These two conditions are increasingly being linked
Everyone knows that smoking is a major cause of cancer. Yet, according to research published in the British Journal of Public Health, obese adults have more chronic health problems than their smoking counterparts, some of which greatly increase their risk of cancer.
More than 30 known diseases are now believed to be directly linked to excess body fat, including heart disease, diabetes, periodontal disease, inflammation, high cholesterol, high blood pressure, infertility, and many cancers (including gastrointestinal, colon, kidney, esophagus, prostate, breast and endometrial).
Over the last several years, more scientists have come to accept that there is a link between obesity and cancer. According to Dr. Graham Colditz, epidemiology professor at Harvard School of Public Health, “Given the trends in obesity and the increasing evidence of a broad range of cancers caused by excess energy balance, the projected burden of cancer over the coming years is worrisome.”
Cancer, obesity and insulin
One of the primary areas of concern regarding the accumulation of body fat is its association with high insulin levels, a condition referred to as hyperinsulinemia. Researchers from Columbia University found that hyperinsulinemia increases the incidence of obesity in prepubescent girls, and it also precedes a diagnosis of type 2 diabetes by five to 20 years.
What does this have to do with cancer? Aside from the connection between high insulin levels and obesity, it turns out that numerous cancers may also be linked with high levels of insulin.
Israeli researchers have discovered that patients suffering from colon, stomach and breast cancer had up to three times as much insulin, or insulin-like substances, in their tumors. Hyperinsulinemia is often associated with insulin resistance, the condition in which body cells resist or do not respond even to high levels of insulin. Turkish researchers have discovered a possible means by which obesity and high insulin levels create an enhanced risk for cancer –especially breast cancer. In overweight and obese patients, inflammatory biochemicals (possibly coming from fat cells) and high insulin levels appear to work together to contribute to the development of breast cancer.

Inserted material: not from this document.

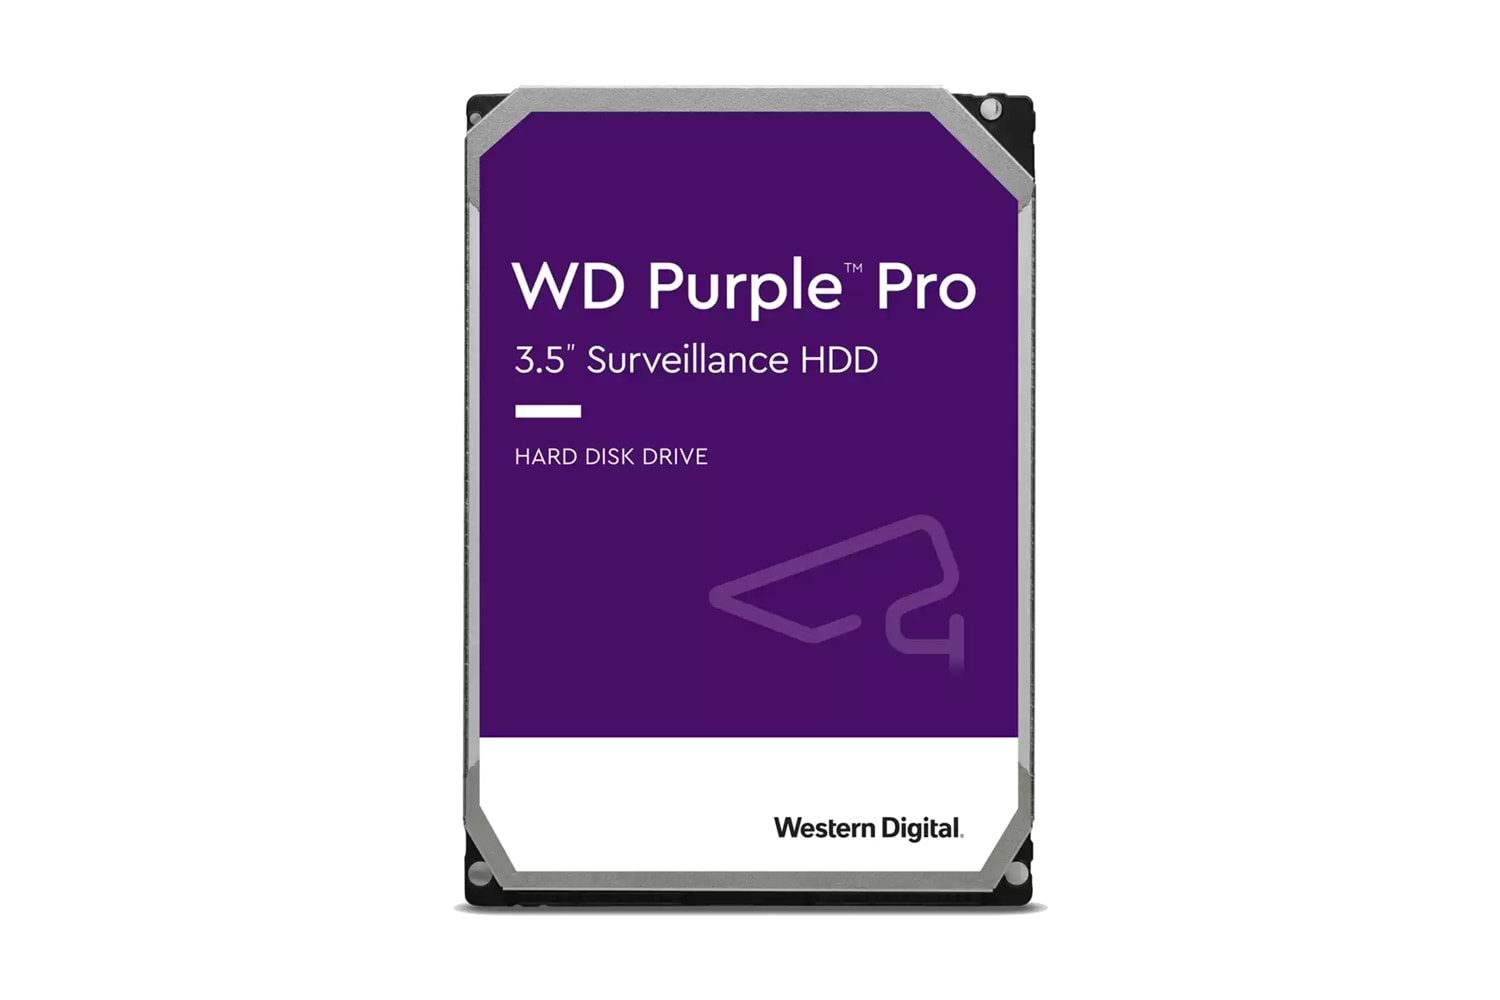 WD Purple WD101PURP 3.5

It is no wonder that cancer is at epidemic proportions when you consider that most people consume an abundance of overly processed high-glycemic foods that overstimulate insulin. High insulin levels then stimulate an enzyme that greatly affects fat storage called lipoprotein lipase (LPL). Obesity researchers sometimes call LPL the gatekeeper of fat storage because of its powerful ability to enhance fat cells.
Further research presented in the journal Medical Hypothesis shows that low-glycemic, vegetarian, high-protein diets lower LPL activity. If you reduce insulin through diet (not dieting), you can control your rate of fat storage, and this would contribute to decreasing your risk of obesity and cancer. Here’s how:
Avoid high glycemic foods – especially processed grains (white flour).
Supplement with natural fiber formulas (like the 100% food-based organic FibreLean™ formula) approximately 15 minutes prior to each meal.
Get adequate sleep; researchers have found a link between insufficient sleep, hyperinsulinemia, and insulin resistance.
Take a long walk after dinner, as this will help to clear excess sugars from your blood.